• Real Madrid alza su undécima Súper Copa, tras hacerlo por última vez en 2017: Doblega en penales al Atlético de Madrid, en Arabia

  • Zidane alcanza su décimo título en su historia con los “merengues”

Como en la final de la Champions de 2016, el Madrid superó al Atlético en la tanda de penaltis tras empatar sin goles: en un partido que fue creciendo en intensidad con el paso de los minutos para desembocar en una prórroga vertiginosa, el Madrid se llevó la Supercopa. Ocurrió en Yeda (Arabia), donde el Madrid fue más preciso en la tanda de desempate.

Zidane mantuvo el guion que tan bien le funcionó ante el Valencia para conquistar su décimo titulo como “merengue”: Casemiro, Kroos y Valverde como tridente en el centro del campo, con Isco y Modric en la creación y Jovic como único delantero.

También Simeone se aferró al plan que le había llevado a la final: recuperó a Giménez en el centro de la defensa y confió plenamente en la capacidad de Correa y Saúl como alfiles y sobre todo, de Joao Félix en la mediapunta y de Morata de ‘nueve’.

EL PLAN PREVISTO

Más cómodo con el balón aunque sin profundidad, el Real Madrid empezó dominando frente a un Atlético que se siente cómodo con un bloque bajo. Los de Simeone se defendieron con orden, siempre solidarios, mientras el Madrid movía el balón de banda a banda, con Isco y Modric intercambiando posiciones y los tres pivote pisando la frontal del área de Oblak con frecuencia.

Vertical por definición, el Atlético buscó la espalda de Ramos y Varane: Morata estuvo a punto de provocar un penalti de Courtois en la primera acción de peligro del partido, pero el belga llegó a tiempo para despejar limpiamente el balón. Correspondió Casemiro con un disparo de media distancia y después, con un remate de cabeza que se fue por encima del larguero.

Frente a la timidez de los laterales del Atlético, más defensivos que creativos, Carvajal y Mendy intentaron profundizar por sus bandas. El francés, que no es precisamente un prodigio con el balón en los pies, estuvo a punto de darle un disgusto a Oblak tras un autopase a Trippier y un remate al palo corto. Poco más ofreció la primera parte, jugada a ritmo lento, un mero trámite entre dos equipos que se temen y se respetan.

El descanso acabó con la tregua: el Madrid se puso panos a la obra y muy pronto estuvo a punto de batir a Oblak, tras una gran conducción de Modric en la zona de tres cuartos. El croata filtró un pase preciso para Jovic, que remató ligeramente desviado.

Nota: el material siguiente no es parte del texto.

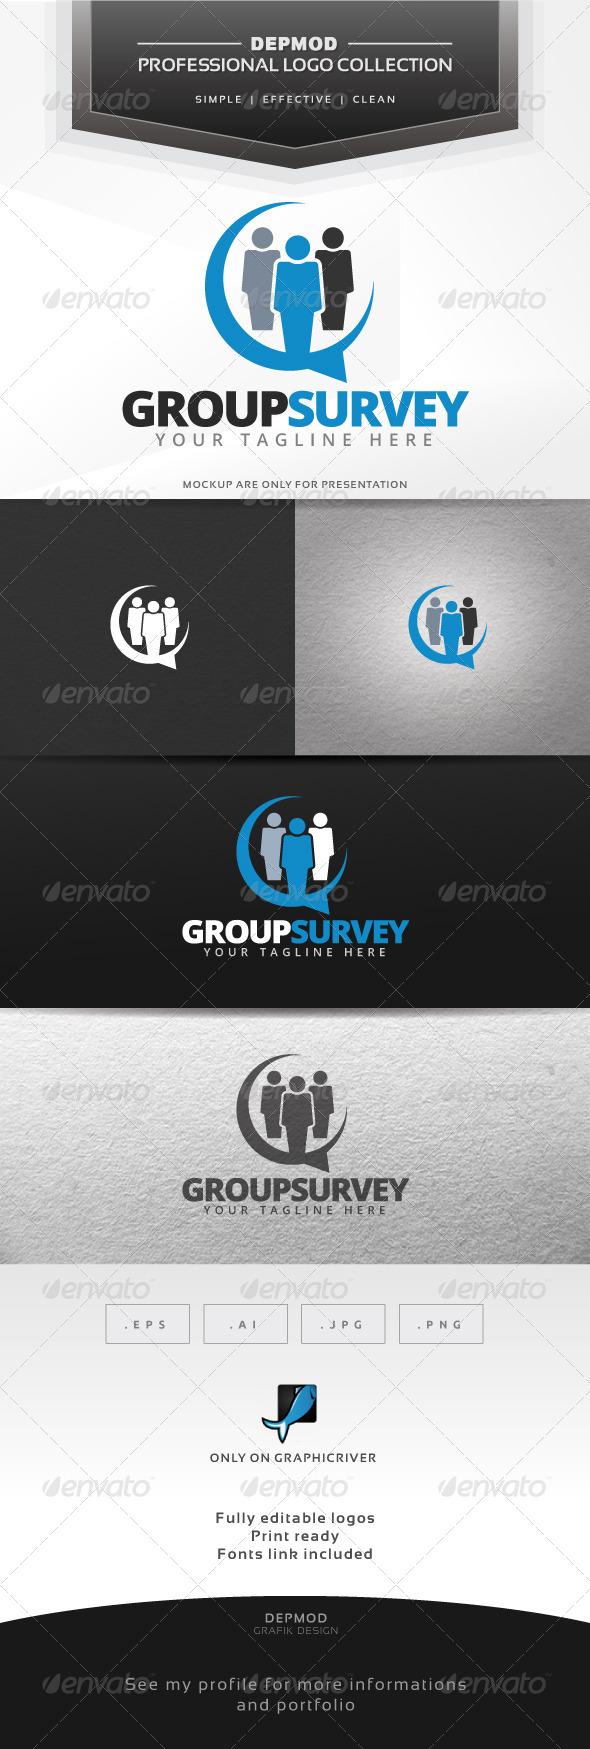 Group Survey Logo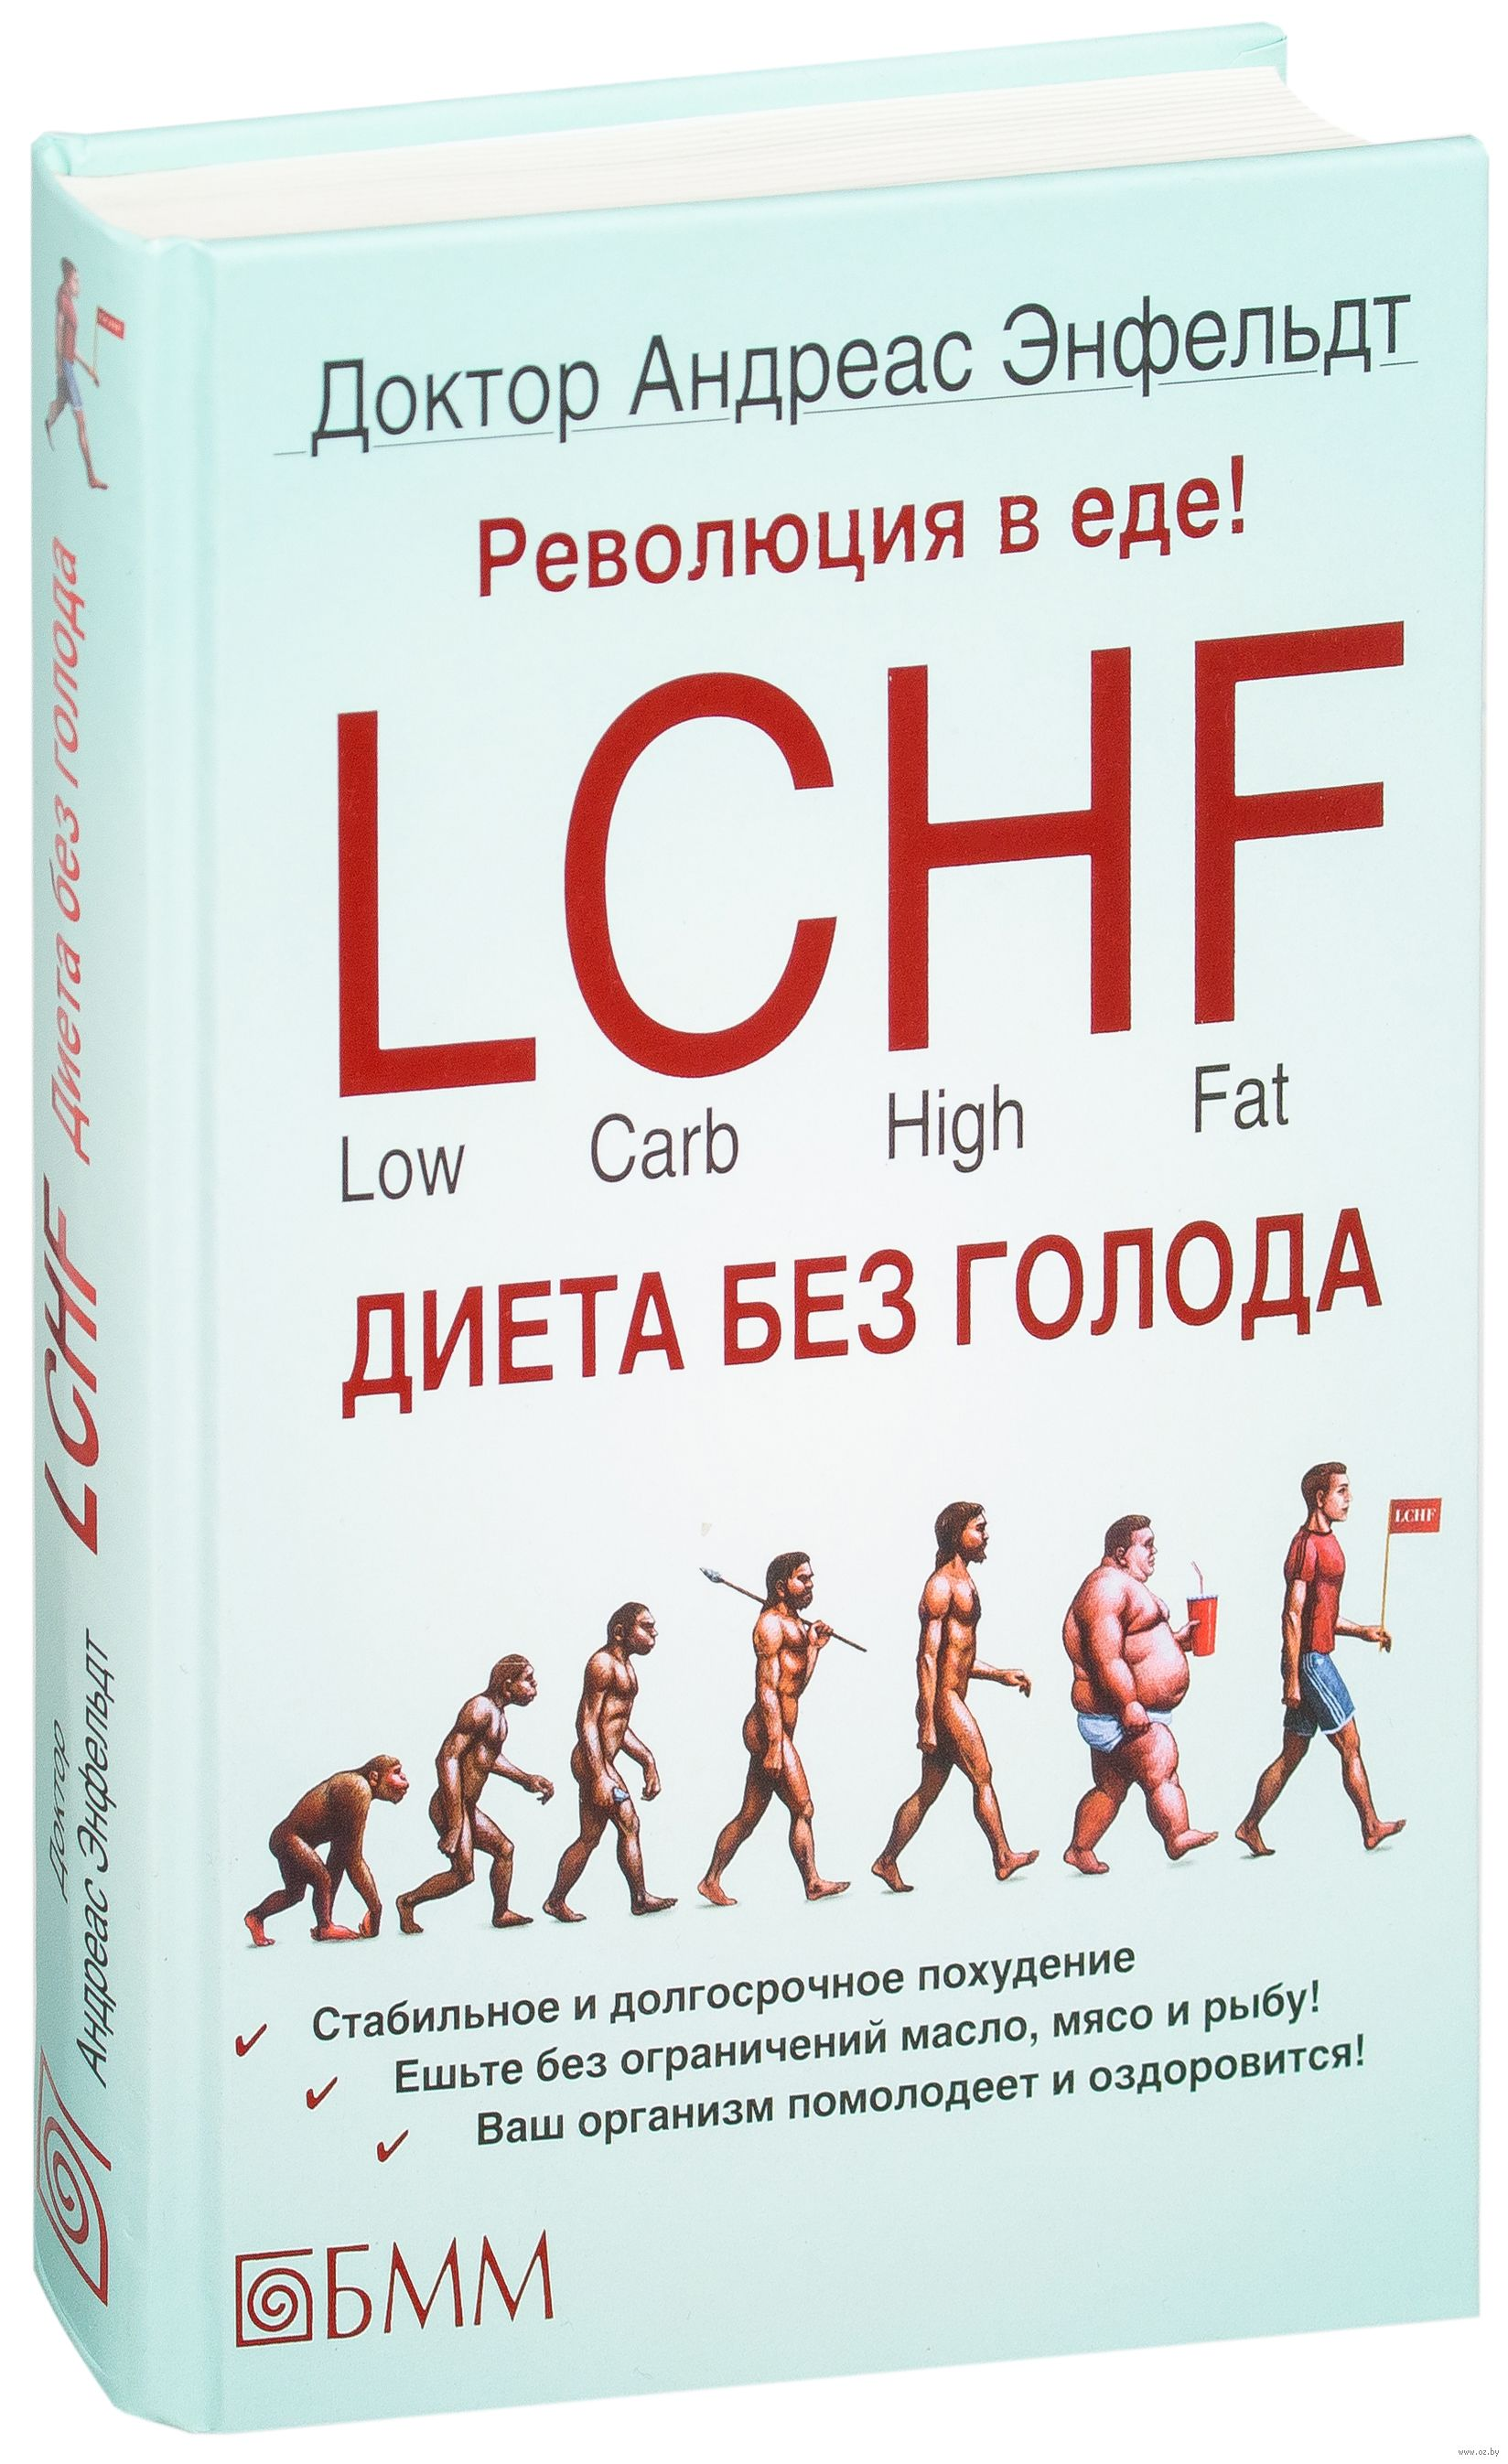 Lchf диета без голода, отзыв, отрывки из книги.

CAMBIO DE PIEZAS DE SIMEONE Y ZIDANE

Fue el primer aviso serio del equipo de Zidane. Con Modric a la batuta, el Madrid dio un paso adelante. Simeone contestó retirando a Herrera para dar entrada a Vitolo y ganar presencia ofensiva, aunque el guion del partido no cambió.

Zidane buscó una marcha mejor. apostando por la frescura de Rodrygo, sustituto de un apagado Isco. Su equipo leyó el mensaje: Había que lanzarse a por el partido.

INTERCAMBIO DE GOLPES

Valverde tuvo el 1-0 en un remate muy claro, prácticamente solo ante Oblak. Solo tenía que saltar y rematar de cabeza, tras un meritorio pase de Jovic, pero al uruguayo se le apagó la luz y su remate se fue desviado.

Vitolo respondió tirando de su equipo: sus conducciones entre líneas aliviaron al Atlético, que se sacudió la presión del Madrid y se metió de lleno en el partido. Trippier filtró un balón a Morata que el ex del Madrid golpeó abajo, cerca del poste izquierdo de Courtois, que rechazó con solvencia.

Después de una primera parte soporífera, la final comenzaba a animarse.

PRIMERO MARIANO, LUEGO THOMAS

Zidane intentó ponerle un poco de picante al ataque con Mariano, que suplió a Jovic, muy lejos de lo que debería ser un delantero del Madrid, pero fue Rodrygo quien tuvo la penúltima gran ocasión antes de la prórroga. La última la tuvo Thomas, que intentó sorprender a Courtois con un lanzamiento de falta de media distancia.

SAN OBLAK EN LA PRÓRROGA

La prórroga comenzó con el Atleti desenfrenado y con un Vitolo en plan líder: suyo fue el primer remate del tiempo añadido, bien interceptado por Oblak. Pese a jugar con el público en contra (mayoría de madridistas en el estadio), el Atlético fue creciendo con el paso de los minutos.

El Madrid acabó el partido con Rodrygo, Mariano y Vinicius en ataque: nada que ver con su tripleta habitual, pero a pesar de todo, Mariano cuajó unos minutos muy interesantes y estuvo cerca de decantar la final con un remate a bocajarro rechazado por Oblak. También despejó Oblak el rechace del rechace, con Modric buscando el gol.

EXPULSIÓN DE VALVERDE

La prórroga ofreció mucho más que los 90 minutos anteriores: ya al final, Morata encaraba a Courtois en solitario cuando Valverde le derribó por detrás. La roja fue de manual. El Madrid se quedó con diez jugadores, pero apenas faltaban un par de minutos de partido.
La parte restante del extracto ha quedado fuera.